Why separate audio and video? Audio playback shows a rich metadata card while the actual audio plays through the sound system — there is no video stream involved. Video playback is a raw media surface. Conflating them forces every display layer to handle both cases in one template.


Utility group — common single-purpose views

TemplatePurposeKey session data
SYSTEM_clockCurrent time display(self-updating, no data needed)
SYSTEM_timerCountdown / count-up displayduration: int (seconds), label: str?
SYSTEM_weatherWeather summary cardcurrent_temp, min_temp, max_temp, condition: str, icon: url?, location: str?
SYSTEM_mapGeographic locationlatitude: float, longitude: float, zoom: int?, label: str?

Why SYSTEM_timer? Timers are pervasive (cooking, pomodoro, alarms) and have a distinct real-time countdown UI that cannot be expressed by SYSTEM_text without the skill manually updating the displayed string every second.

Why SYSTEM_map? Navigation, weather location, business lookup — all need a spatial view. A URL-embedded map is fragile (requires network, leaks provider choice).

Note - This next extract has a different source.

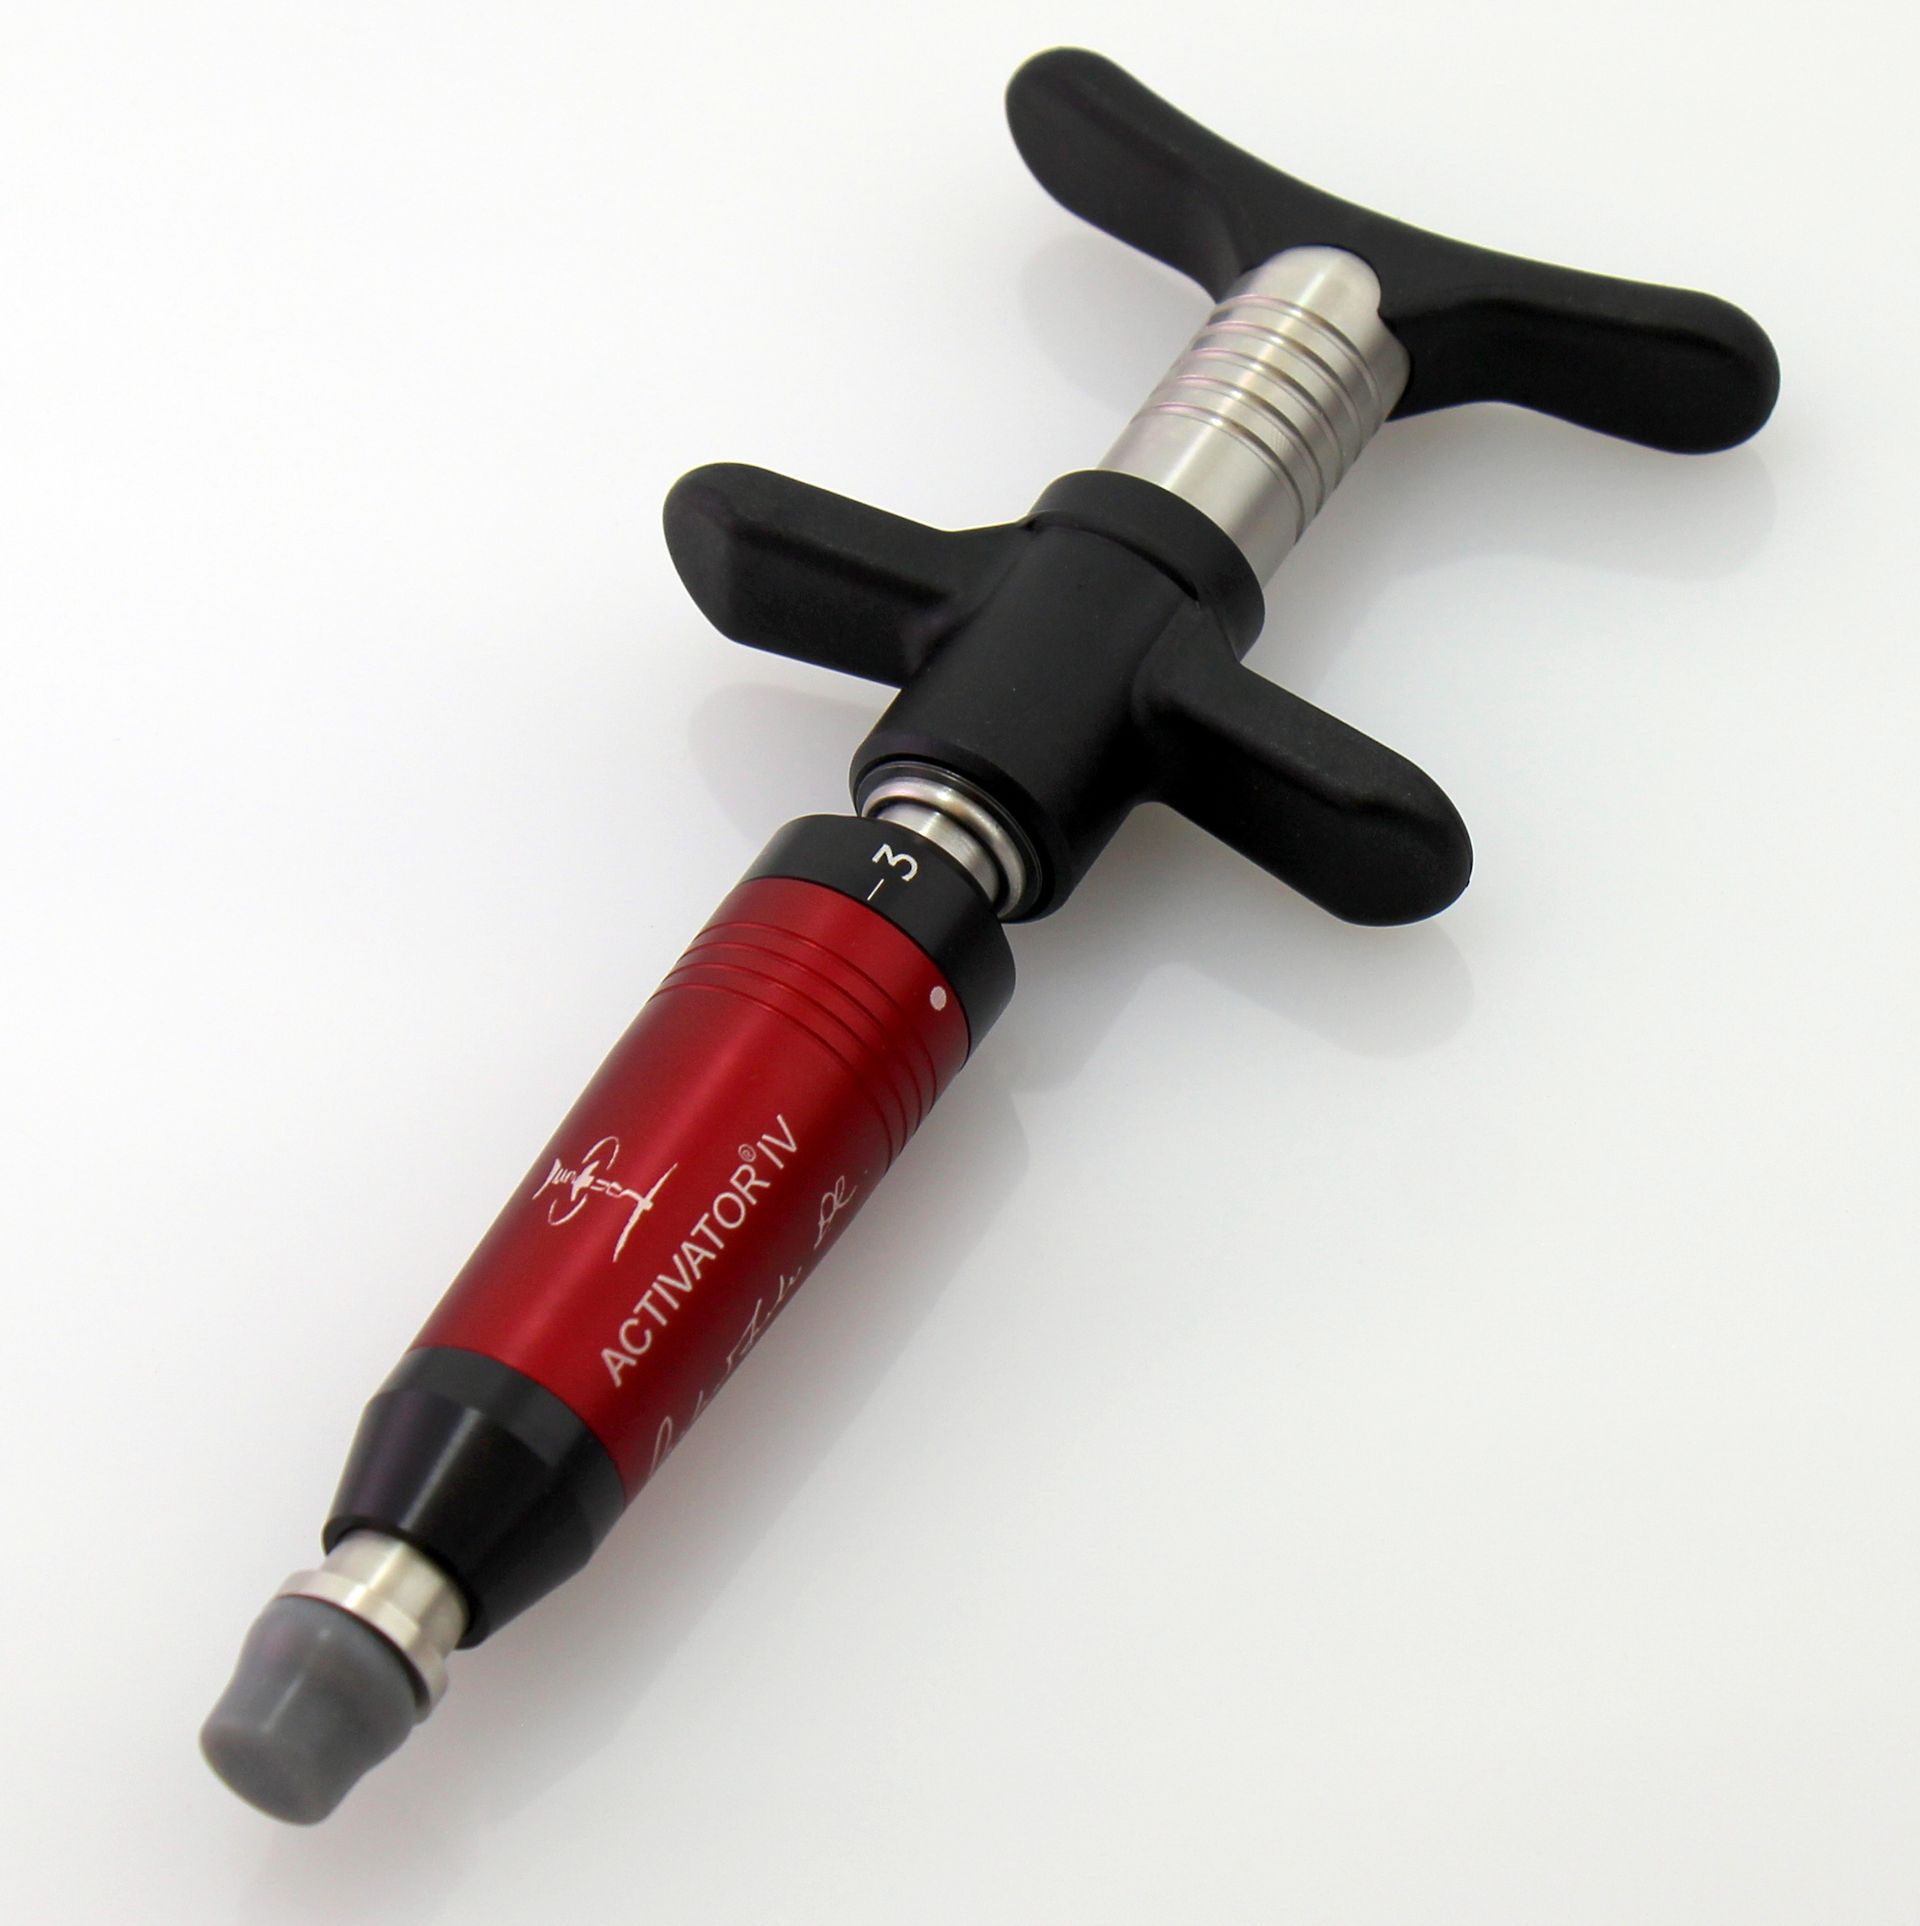 Activator instrument used in gentle chiropractic treaments

Dialogue group — visual accompaniment to an active voice dialogue

OVOS is voice-first. The GUI never drives an interaction on its own. These templates display what is currently being asked through speech so the user can follow along. On capable devices a touch shortcut may be offered as a convenience, but:

  • Voice is always the primary (and on display-only devices, the only) path.
  • A skill must never block waiting for a GUI event — it must always be listening for the spoken answer in parallel.
  • The display layer decides whether to render touch targets at all.
TemplatePurposeKey session data
SYSTEM_confirmShows the yes/no question being spokenquestion: str
SYSTEM_selectShows the list of options being spokenprompt: str?, items: List[{label, value}]

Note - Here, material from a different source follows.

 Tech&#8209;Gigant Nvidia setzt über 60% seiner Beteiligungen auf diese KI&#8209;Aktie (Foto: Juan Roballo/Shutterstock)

SYSTEM_input is excluded — free-text keyboard entry is not a voice-first interaction and cannot work on display-only devices. Skills that need text input must use the speech layer.


Avatar group — embodied assistant states

TemplatePurposeKey session data
SYSTEM_faceAnimated avatar facesleeping: bool

This template is intentionally minimal — the display layer decides what the avatar looks like. Additional emotional states (thinking, listening) are a display-layer concern, not a session-data concern.


Templates deliberately excluded

RejectedReason
SYSTEM_slideshowCompose by showing SYSTEM_image pages at index
SYSTEM_notificationThis is a system-layer concept, not a page template
SYSTEM_qr_codeRenderable as SYSTEM_image; generation belongs in the skill
SYSTEM_chart / SYSTEM_graphToo display-layer-specific; use SYSTEM_html or SYSTEM_image
SYSTEM_inputFree-text keyboard entry breaks the voice-first contract and cannot work on display-only devices
Per-skill templates (calendar, spotify, etc.)Violates the "multiple unrelated skills" rule

Summary

SYSTEM_idle             (reserved)

SYSTEM_loading
SYSTEM_status
SYSTEM_error

SYSTEM_text
SYSTEM_image
SYSTEM_animated_image
SYSTEM_list
SYSTEM_grid
SYSTEM_table

SYSTEM_html
SYSTEM_url

SYSTEM_audio_player
SYSTEM_video_player

SYSTEM_clock
SYSTEM_timer
SYSTEM_weather
SYSTEM_map

SYSTEM_confirm
SYSTEM_select

SYSTEM_face

21 templates total. Every one is justified by cross-skill usage and a data model that cannot be reduced to an existing template.